Он мучился от сознания, что так хорошо придуманный им план не удаётся. И он приводил всё новые доводы. Он доказывал, что его чувство ко мне станет ещё глубже, что к нему прибавятся ещё благодарность и восхищение, если я пойду на эту жертву.

А может быть это и есть вершина любви?! Страдать, сознавая, что приносишь себя в жертву. Может быть, в этом я обрету высшую радость? Но даже если так — смогу ли я?..

Кажется, я готова согласиться. И… снова реву. Опять ничего не знаю…

Так закончился день 23 марта 1964 года…

Тогда мне было не до того и я не проводила никаких параллелей. А ведь было в нашей жизни и другое 23 марта — 23 марта 1942 года, когда ко мне в Морозовскую заезжал мой муж-красноармеец по дороге в Сталинград. Тот день и этот… Да, полно, — один ли и тот же это человек?..

А на следующий день, 24 марта 1942 года, охмелевшая от счастья, я написала мужу письмо, которое он счёл лучшим из всего, что было мною ему когда-либо написано.

И вот снова 24 марта, двадцать два года спустя…

За завтраком я ничего не могла есть. Казалось, горло сузилось.

Пойти на это? Продолжить то, что начато было семь лет назад создавать ему все условия для творчества?! Тогда ему нужен был комфорт всей окружающей атмосферы, который я старалась создать ему своей музыкой, хорошо заведённым домом, умением угадать и выполнить любое его желание, своим старанием быть для него «душечкой»… Теперь ему нужен был ещё и комфорт совести, ведь «совесть даётся один только раз»!..
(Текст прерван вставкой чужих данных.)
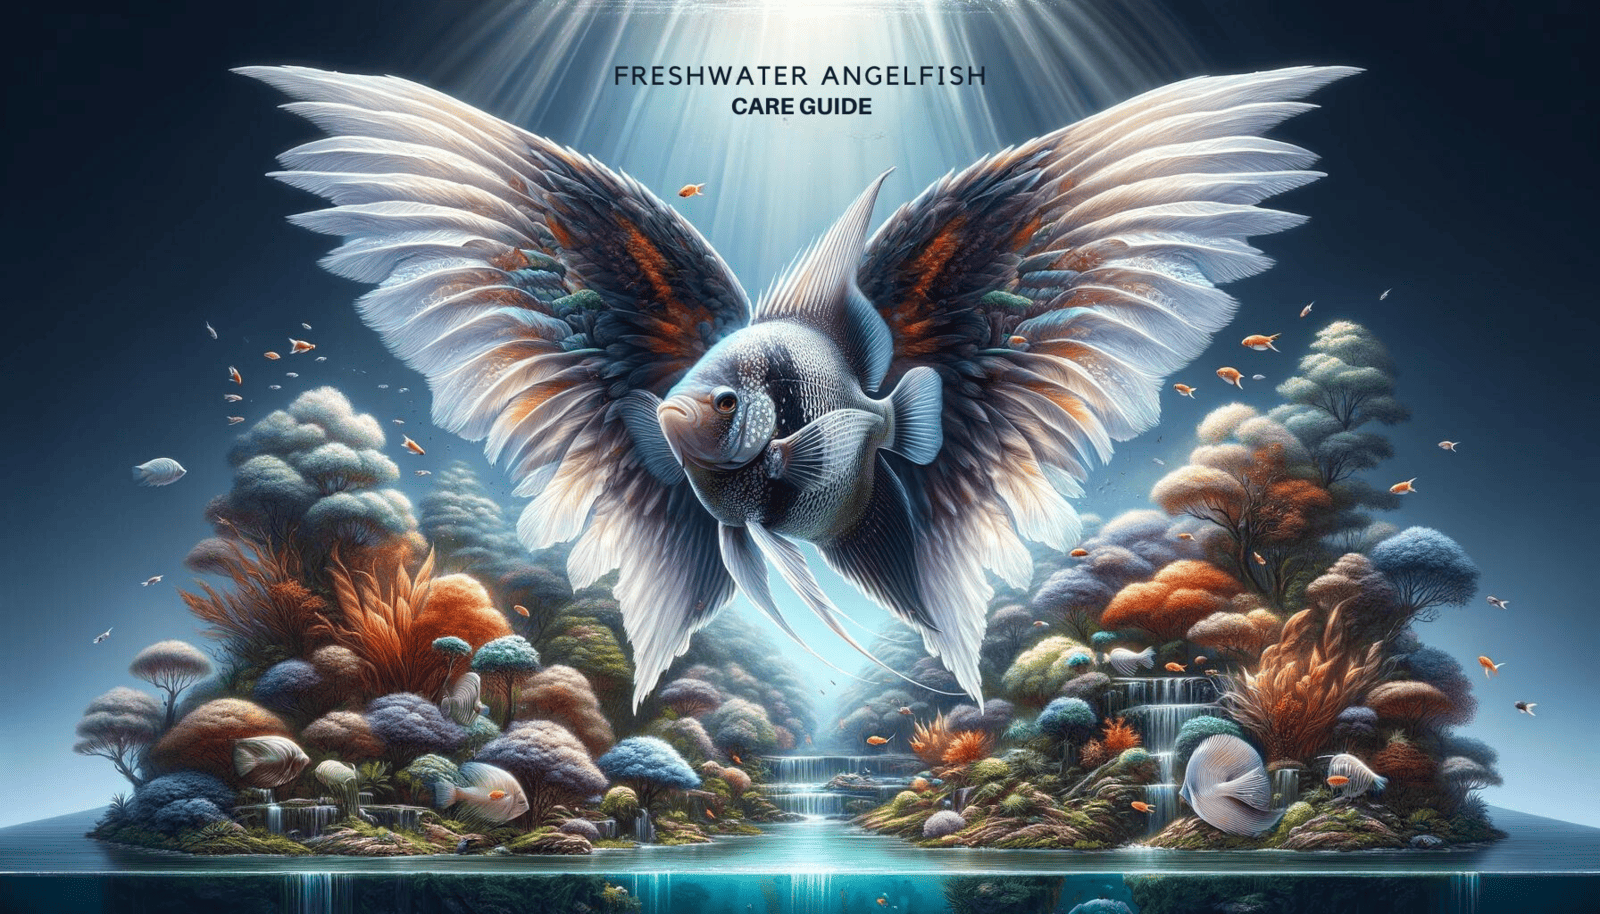 A majestic zebra freshwater angelfish is depicted with grand, ethereal wings spanning outward on both sides, set against a surreal backdrop of aquatic plants and other smaller angelfish, with rays of light illuminating the scene. Above the image, the text reads "Freshwater Angelfish Care Guide," indicating a comprehensive guide on the subject.

А с другой стороны, как любил повторять мне мой муж, что я для него лучше всех женщин, какими бы красивыми и привлекательными они ни казались другим! И я так была уверена в его чувстве, в том, что я для него единственная, что покорно подчинялась и слушалась его даже тогда, когда он противился тому, чтобы я завивалась, подкрашивалась, одевалась по моде. Не надо следовать моде, потому что каждому идёт своё… И я, дурочка, во всём его слушалась?!..

Я знаю, что не была оригинальна, когда на следующий же день спустилась в парикмахерскую: постриглась, завилась… Вернувшись из онкодиспансера, муж нашёл меня страдающей, но похорошевшей… Даже откровенно любовался мной.

Порой его красноречие меня гипнотизировало, захватывало, моментами даже увлекало; казалось, я готова покориться… И — снова впадала в отчаяние, не в состоянии победить внутреннего протеста…

Солженицын не только мучил меня. Он ещё и… наблюдал. Уж не как муж как писатель попросил меня заносить в дневник всё, что я чувствую.

Тогда, да и много лет спустя, до конца 70-го года, скажи мне кто-нибудь, что я кого-либо постороннего посвящу в это, — не поверила бы.

Помню, осенью 69-го года после исключения Солженицына из Союза писателей я сожгла конверт с этими записями и письмами тех недель — тот самый, на котором рукой мужа было написано: «Наша злополучная история». Сожгла, чтобы никогда не увидели этих строк чужие глаза.

Когда я позже прочла полностью «Август Четырнадцатого», то угадала в нём подступы к описанию «нашей злополучной истории».

Одна мудрая пожилая женщина объяснит мне пять лет спустя то, что я тогда смутно чувствовала, а выразить не могла. — «Для вас это была жизнь, а для него — материал».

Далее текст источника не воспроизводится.